In September 2013, the Ukraine agreed to a plan to lease 5% of the country’s land to Chinese state-owned companies for agricultural production. Will this threaten food security in China given Ukraine’s political turmoil? The answer is no, but.
China imports less than 3% of strategic cereals like wheat. However, it faces significant challenges to sustain its goal of food self-sufficiency. Large imports of livestock feed, on the other hand, are likely to continue to grow as these commodities are taken off the list of strategic commodities; so China’s foreign land investments create other economic impacts on Chinese importers and the domestic market.
The Earth Security Index 2014 identifies the converging factors that may cripple China’s ability to produce all the food it needs to maintain food security: more than half of the groundwater in China is categorised as polluted. This results from a combination of untreated industrial wastewater, the organic pollutants of livestock and the overuse of agricultural inputs. China’s Ministry of Land and Resources estimates that pollution from heavy metals destroys 10 million metric tonnes of grain and contaminates another 12 million metric tonnes annually.
Chinese officials recognise that water scarcity and pollution, rapidly transforming diets and the migration of farmers to cities, may combine to jeopardise China’s grain self-sufficiency goals. Chinese agricultural investments abroad and trade partnerships like the one with Ukraine are expected to grow.
Places like Ukraine may have fertile land, but badly need the modernisation of its agricultural sector.

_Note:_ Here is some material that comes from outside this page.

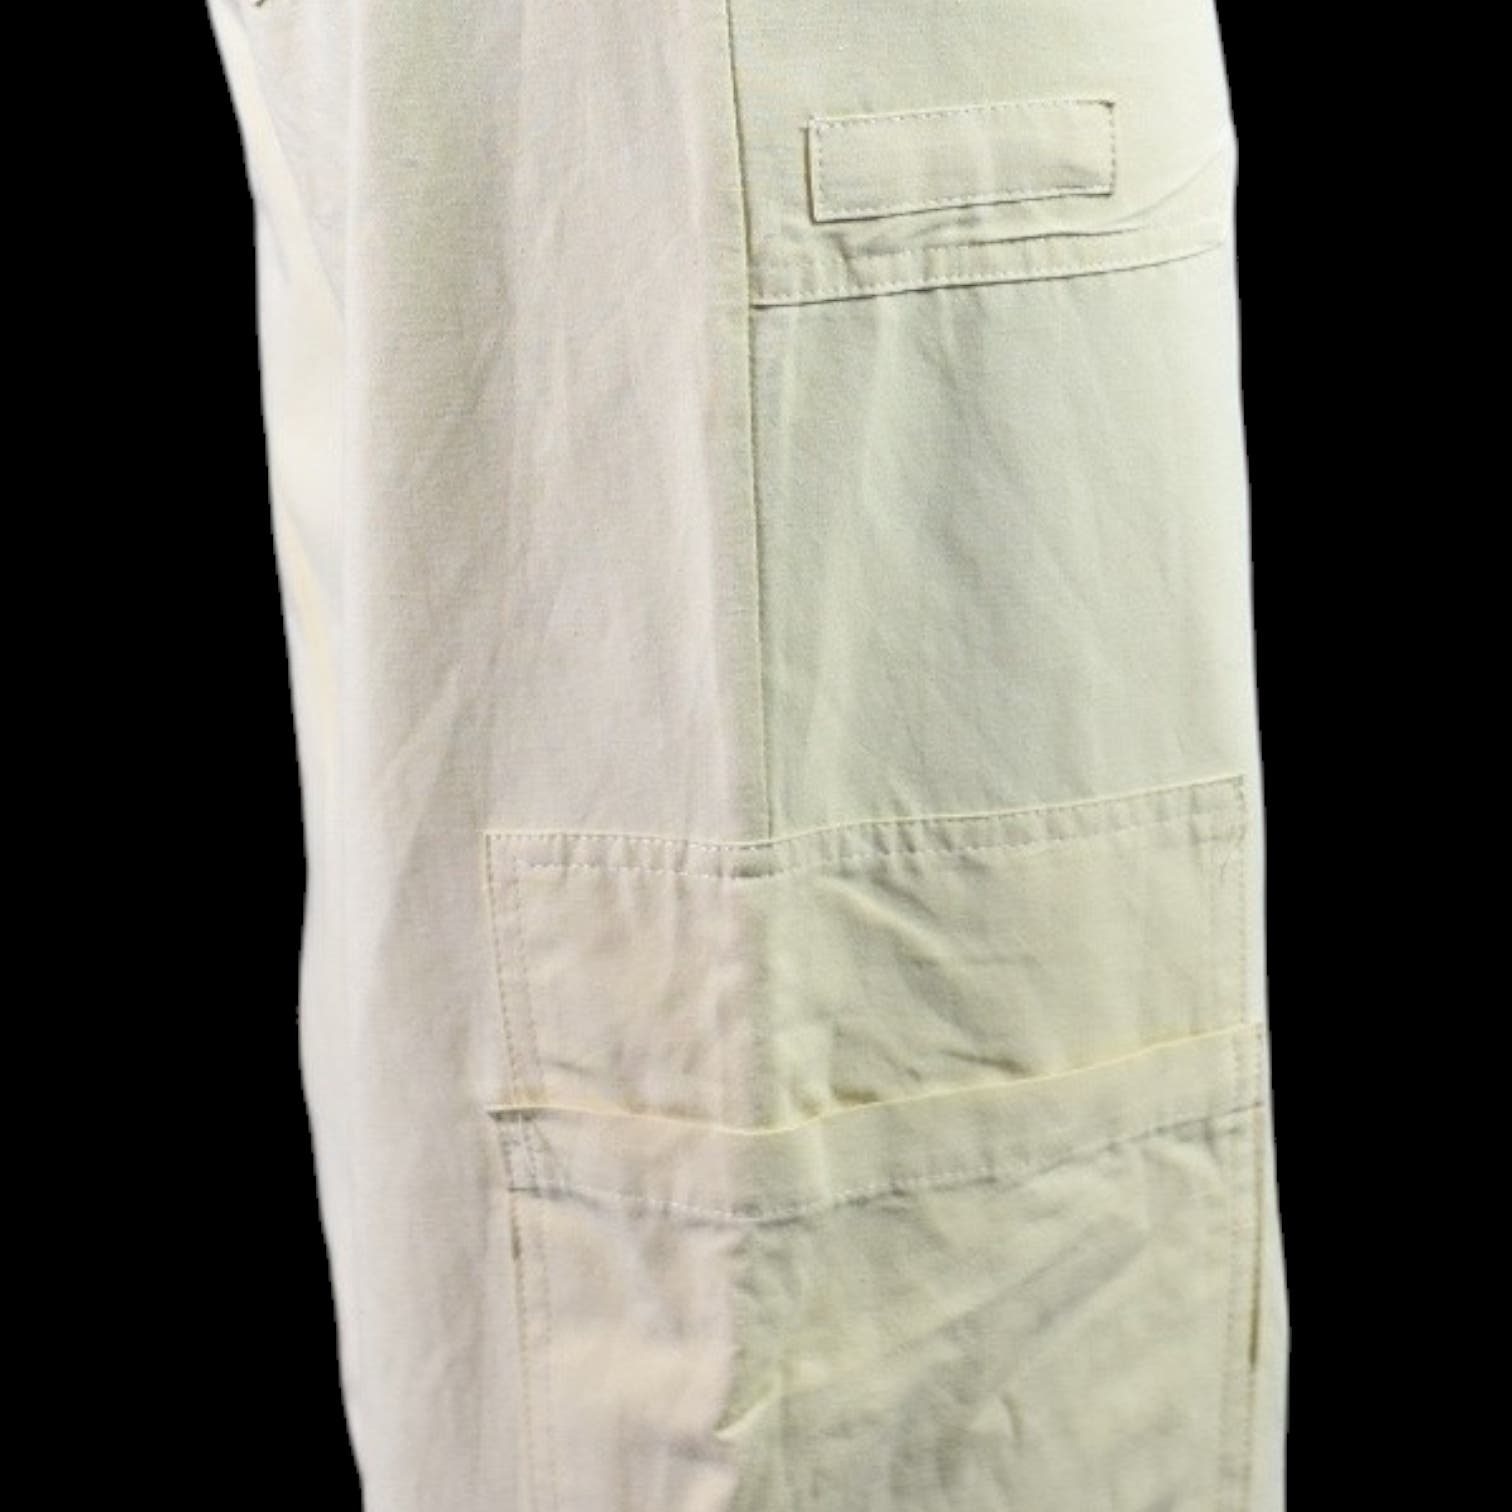 Zara Cargo Linen Blend Wide Leg Pants Yellow Tan Flare High Waist Trouser Size Small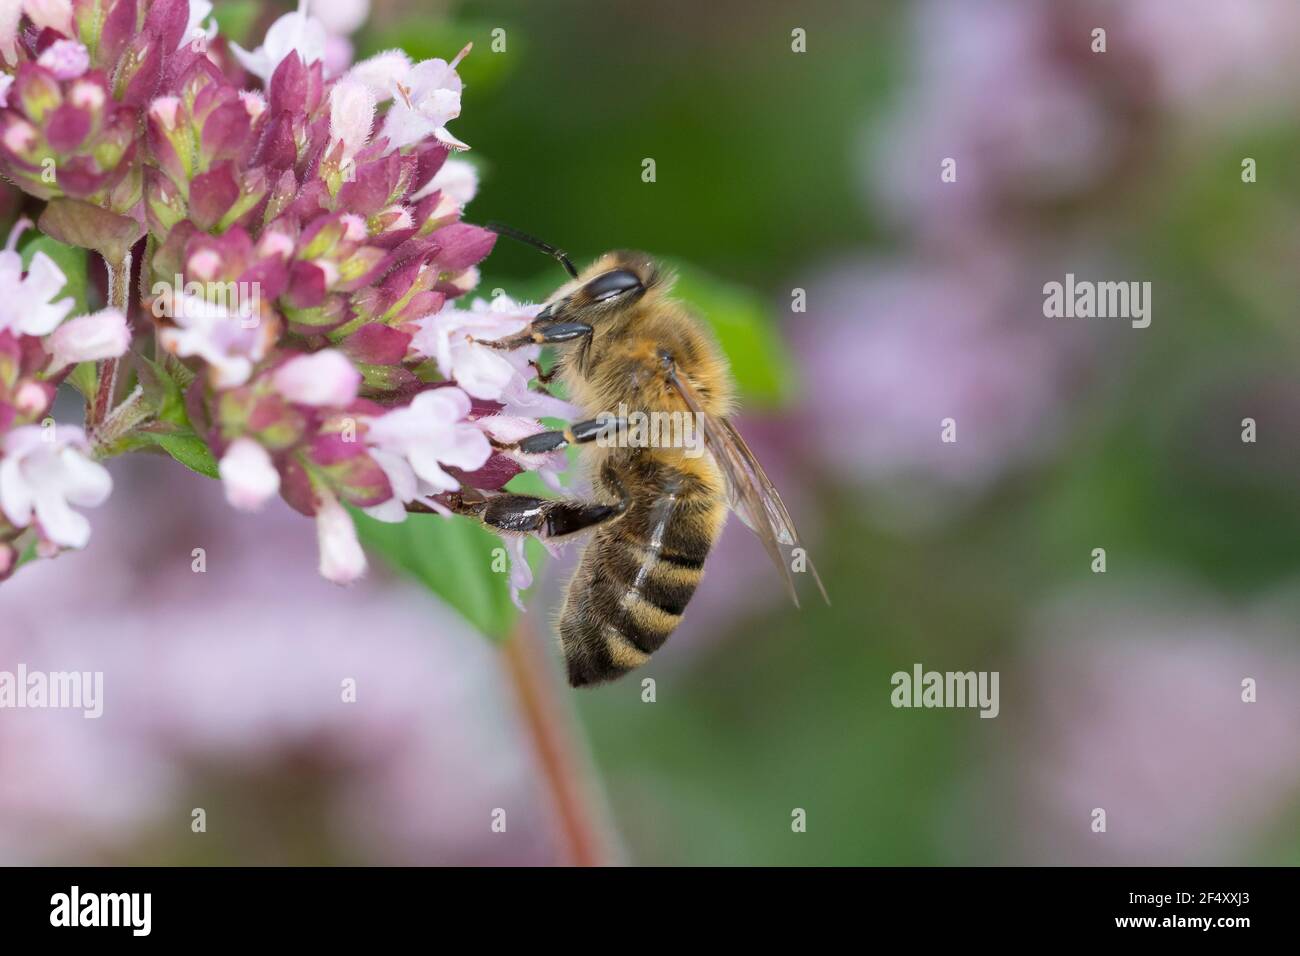 Honigbiene, Honig-Biene, Europäische Honigbiene, Westliche Honigbiene, Biene, Bienen, Apis mellifera, Apis mellifica, Blütenbesuch auf Wilder Dost, Or Stock Photo

They stand to win from commercial agriculture contracts with China, provided that agricultural intensification is done sustainably.
As countries rely more on each other for supplies of food, water and energy, China’s understanding that ecological stability is pivotal to its long-term security needs to translate to its investment and trading agreements, so that sustaining its resource base allows China to manage potential import disruptions.
The shape of Ukraine’s territorial integrity after the crisis will define much of the legal and political prospects of sustaining land deals made in 2013. But even if parts of the Ukraine were to be annexed by Russia, this would not change the reality that land and local populations need viable agricultural investments in order to thrive, and China has a role to play there too.
It is uncertain how much of the Ukraine-China land lease deal has materialised. Official sources say it had only reached the stage of a letter of intent. In the meantime, China is said to be seeking compensation for a US$3 billion loan to Ukraine for the breach of a loans-for-grain contract signed in 2012; this is according to Russian media, assuming Russian media news can be impartial in the face of current events. Under the deal, it is reported that the Export-Import Bank of China provided the loan to Kiev in exchange for supplies of grain. So far, Chinese importers are said to have only received US$153 million worth of Ukrainian grain.
Other countries have been running operational investments in Ukraine for several years. Of the 11 deals included in the Land Matrix, a database that is documenting land investments, a Luxembourg-based fund investment in 400,000 hectares and Cyprus-based funds for deals totalling 440,000 hectares are operational.
China’s global pragmatism is likely to play a positive influence in the current political events. While China faces serious ecological constraints to the prospects of its own food self-sufficiency, it must also realise that the same ecological principles apply to its suppliers. Ensuring that its trade and investment relationships with other countries, like Ukraine, can be drivers of sustainable development, must be seen by China as a strategic investment in the long-term stability of its supplies. This may, in turn, become a virtuous aspect of international relations in an era of greater resource insecurity.